Summary of the Below: I think there are classes of tasks where machine intelligence will have extremely high quality information to use as a target to regress towards, leading to super intelligent performance. The reason robotics tasks provide high quality information is that each robotic manipulation is a natural experiment, where the robot can compare the direct consequences of taking action [A] vs [B] (no actions are an action) and determine the causal relationships of the world.
There’s a couple aspects of this problem I feel are completely unexamined.
There are a large number of real life problems today that fall in the following class:
They involve manipulations in the physical world, where all the major elements including the direct consequences of a robotic system’s actions can be simulated and scored, for immediate feedback.
Problems that fall in this class:
[all autonomous vehicles, all autonomous logistics, all manufacturing, all mining, all agriculture and similar resource gathering, most cleaning tasks, most construction tasks]
This means the above problems are all solvable with sufficient financial investment. This also means platforming and general agents can be developed.
For many of these tasks, there are common subtasks including object manipulation, vehicle dynamics, working memory, behavior prediction, and so on can all be modeled.
And for many of tasks, there are many common framework elements that can be shared between robotic systems.
What does this mean? It means that one route to a kind of transformative AI is as follows:
a. Autonomous cars eventually become reliable enough to deploy in large numbers. Several companies succeed.
b. Several of these companies begin porting and generalizing their vehicle autonomy stacks to automate more things such as generic robotics
c. Revenue from autonomous cars and general robotics floods into these companies. It trivially will hit hundreds of billions and then exceed trillions per year in licensing fees. Just cars alone, if you can garner 0.25 per mile covered, and half the 3 trillion miles driven in the USA are autonomous, is 375 billion annually in revenue. Double that if you include Europe.
d. The money stimulates development of ever larger silicon arrays, more sophisticated algorithms, less labor intensive to deploy frameworks, and common shared subcomponents that learn collectively from every robotic system in the world using the subcomponent.
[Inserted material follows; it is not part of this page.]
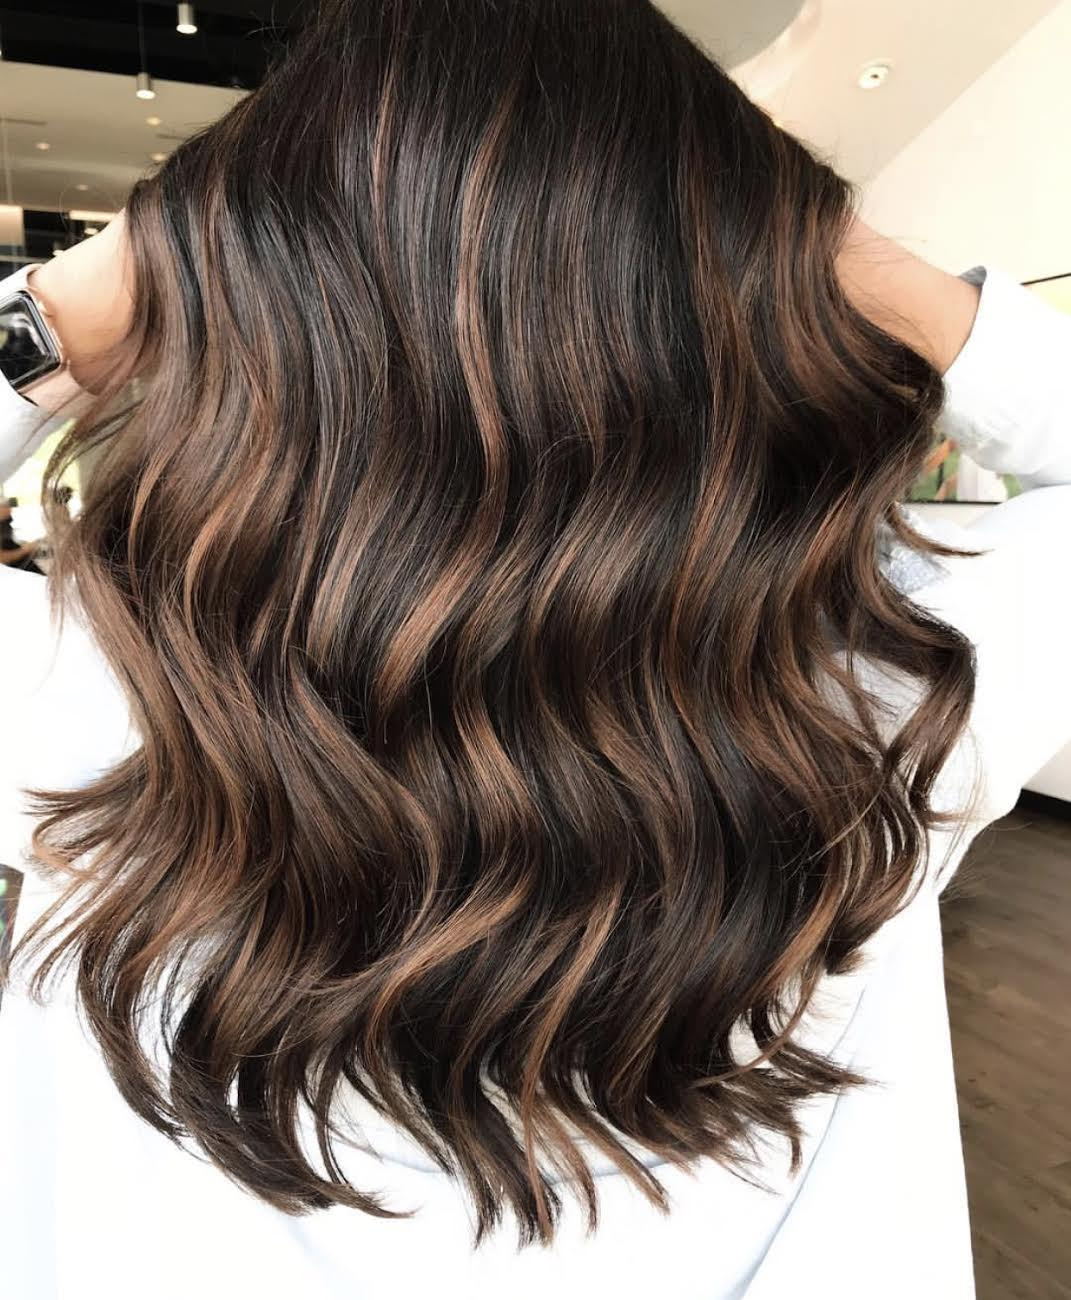 Dark Chocolate Hair Color by Taylor at Tangerine Salon Dallas

e. Now that robotic systems are becoming easy to define—at a certain stage there will be probably cloud-hosted editors, some high level scripting language, and ready-to-use premade realtime software/hardware autonomy stacks. All you would need to do to define a new system is import some data showing a human completing a task successfully, and license a few hundred readymade submodules, with automated tools holding your hand as you do so.
Eventually it would reach the point that it’s a matter of hours to automate a task. (and yes, unemploy every human on earth doing the task now). This would lead to self replicating machinery.
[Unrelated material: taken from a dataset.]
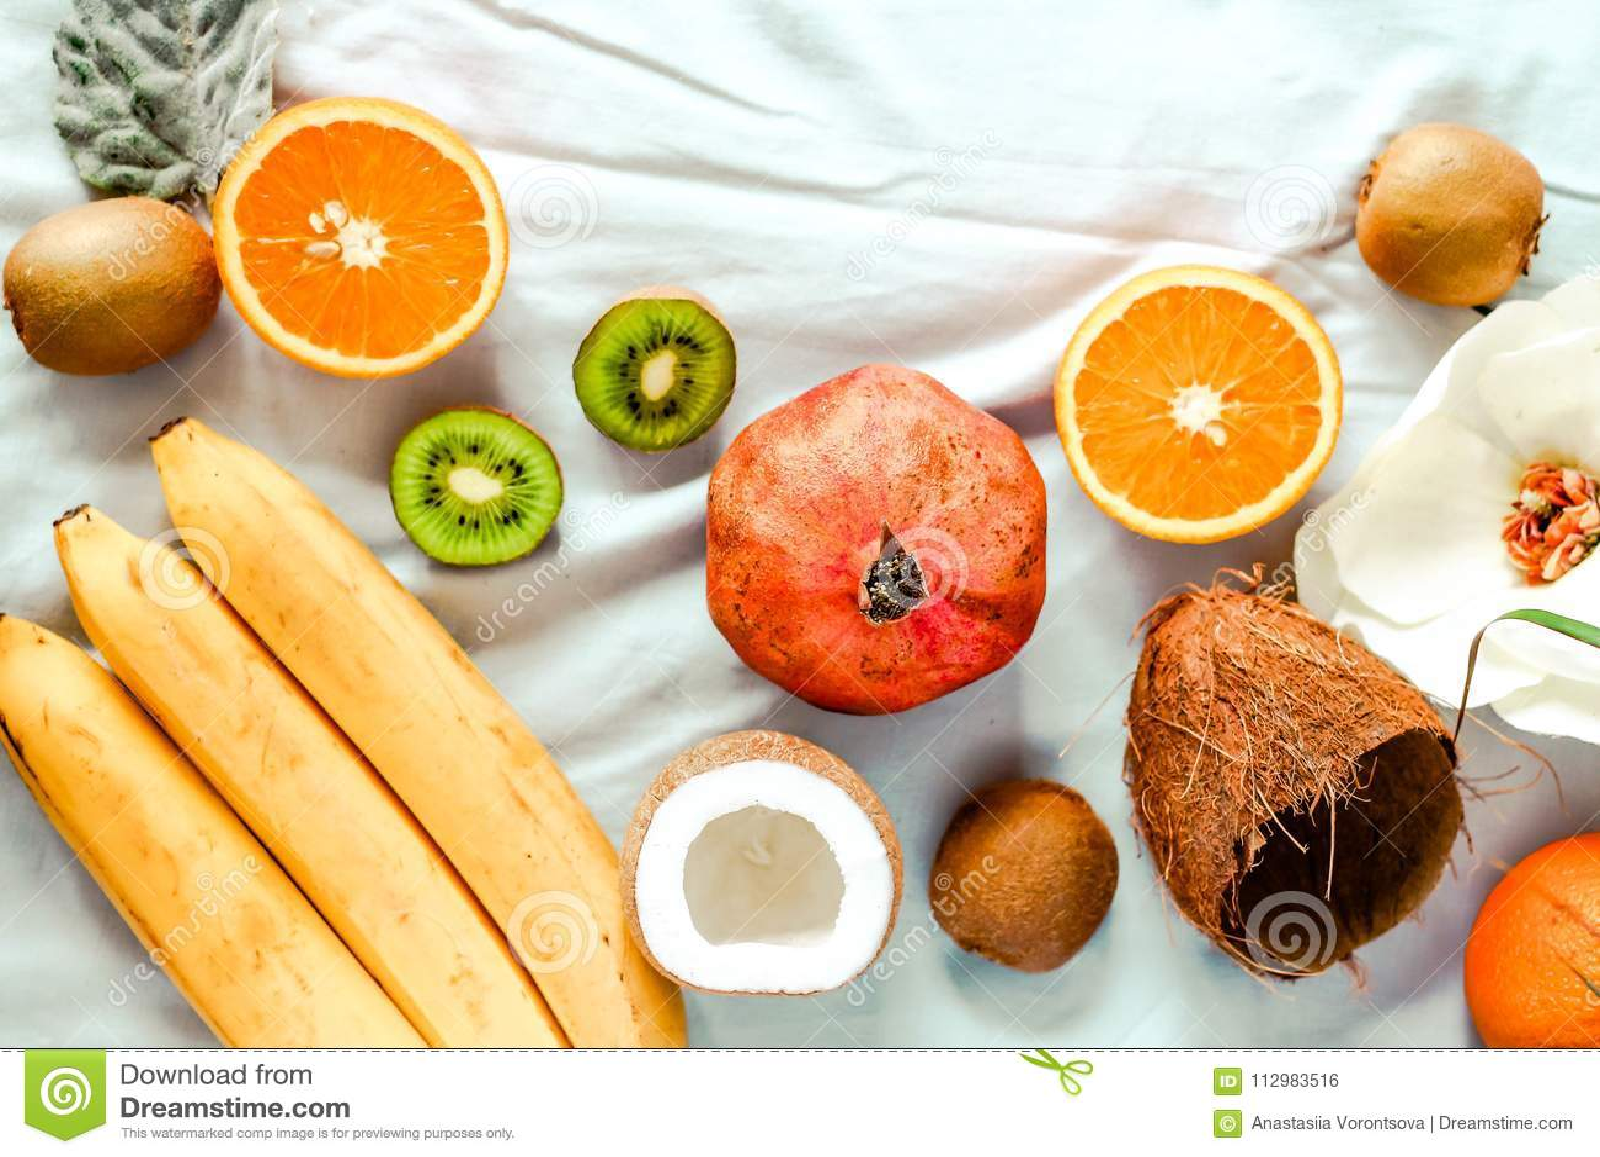 Winter fruits. Kiwi oranges, persimmons. Top view.

This point is hit when there is an automated system to manufacture every part used in every part of state of the art robotics, including mining the materials, trucking them, building the infrastructure, and so on. This might be transformative.
f. If e isn’t transformative, these “dumb agents” should be able to scale to designing other robotic systems, including ones for environments and scales unexplored by humans. (the lunar environment, the nanoscale). This would be done using techniques similar to the hide and seek openAI paper.
g. If f isn’t transformative, the infrastructure needed to support “dumb*” agents as described will provide the pieces for future work to develop true AGI.
*dumb agents: cast the world into a series of state spaces, using pretrained neural networks for most transforms, with the final state space used to make control decisions. Example:
[input camera space] → [object identity space] → [collision risk space] → [ potential path space] → MAX([dollar value of each path space]) → [control system output]
Summary of the Below: I think there are classes of tasks where machine intelligence will have extremely high quality information to use as a target to regress towards, leading to super intelligent performance. The reason robotics tasks provide high quality information is that each robotic manipulation is a natural experiment, where the robot can compare the direct consequences of taking action [A] vs [B] (no actions are an action) and determine the causal relationships of the world.
There’s a couple aspects of this problem I feel are completely unexamined.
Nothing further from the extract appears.